Josef Lutz (born 1954 in Ellwangen (Jagst)) is a German physicist and electrical engineer.

==Career==

Lutz grew up in a small village called Baldern in the southern part of Germany, his father was smith and farmer. In 1973, Lutz received his high-school diploma from the Theodor-Heuss-Gymnasium, Aalen. He studied Physics at the University of Stuttgart and received his Diploma in Physics in 1982. After his military service he joined Semikron Electronics in Nuremberg. The main focus of his work was on Gate turn-off thyristor and fast diodes. In 1999, he graduated as PhD in Electrical Engineering from the Technische Universität Ilmenau, Germany. Since August 2001, he has been Professor of the Chair of Power Electronics and Electromagnetic Compatibility at TU Chemnitz. He is senior member of IEEE, member of the board of directors of the PCIM Europe, member of the board of directors of the ZfM, of the International Steering Committee of the EPE, the Technical Committee of the ISPSD, the Program Committee of the ISPS, the Technical Program Committee of the CIPS and member of the Editorial Advisory Board of Microelectronics Reliability. In 2005, he was awarded with the degree of Honorable Professor by the North-Caucasus Federal University, Russia. Josef Lutz is among the top 1 percent of the world's most cited researchers in their field.

==Inventions==

Lutz invented the Controlled Axial Lifetime (CAL) diode, a fast, soft freewheeling diode with the best properties in the world. The CAL diode was the first diode with soft recovery behavior under all application relevant conditions.
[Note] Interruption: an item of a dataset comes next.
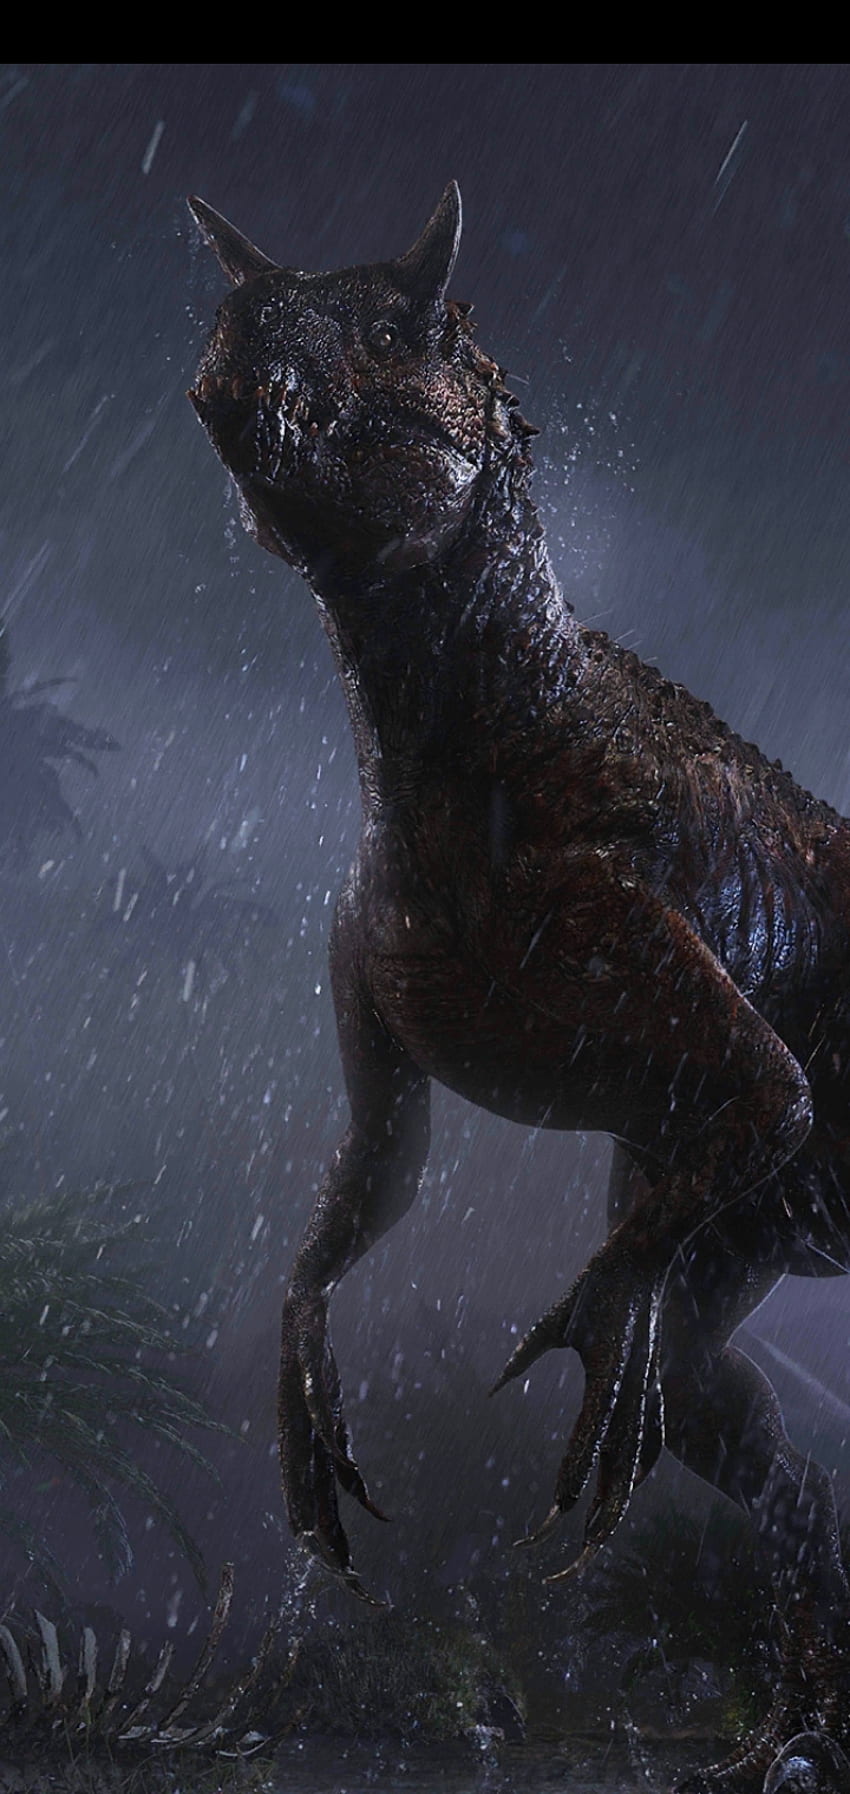 Scorpious Rex, Jurassic Park, wąsy, dinozaury, Jurassic World Tapeta na telefon HD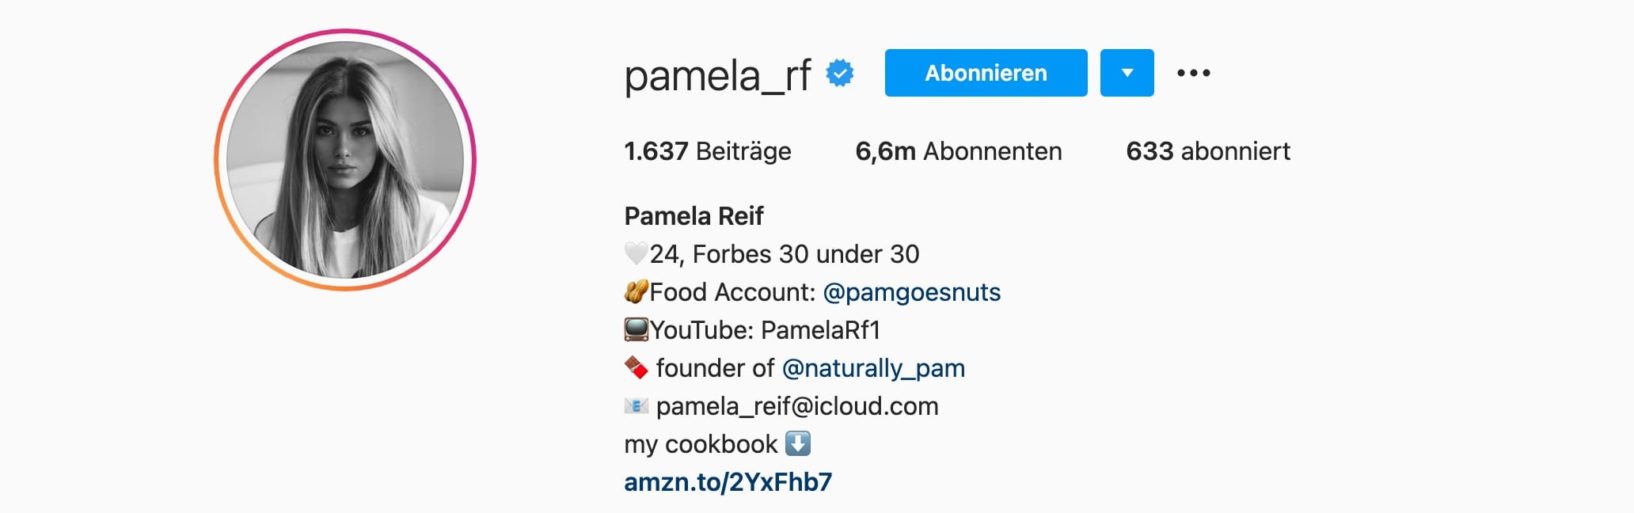 Top-7-Instagram-Influencer-Deutschland-Pamela-Reif-Einstein1

It allows to use the fast switching capability of the IGBT. It has been produced in high volumes since 1995. Due to its lower conduction losses, the CAL diode has led to energy savings in the range of several large power plants in the GW-Range.
Lutz is inventor or co-inventor of more than 25 patents held by Semikron and Infineon.

==Scientific work==

Lutz´s university research focuses on ruggedness of power semiconductor devices, on packaging related reliability as well as on electromobility. He is involved in several national and international research projects. Lutz has published more than 270 scientific articles and conference contributions. His main publication is the book "Semiconductor Power Devices – Physics, Characteristics, Reliability", printed in German (first edition 2006, second edition 2012), and together with Heinrich Schlangenotto, Uwe Scheuermann and Rik De Doncker in English (first edition 2011, second edition 2018) and in Chinese (2013).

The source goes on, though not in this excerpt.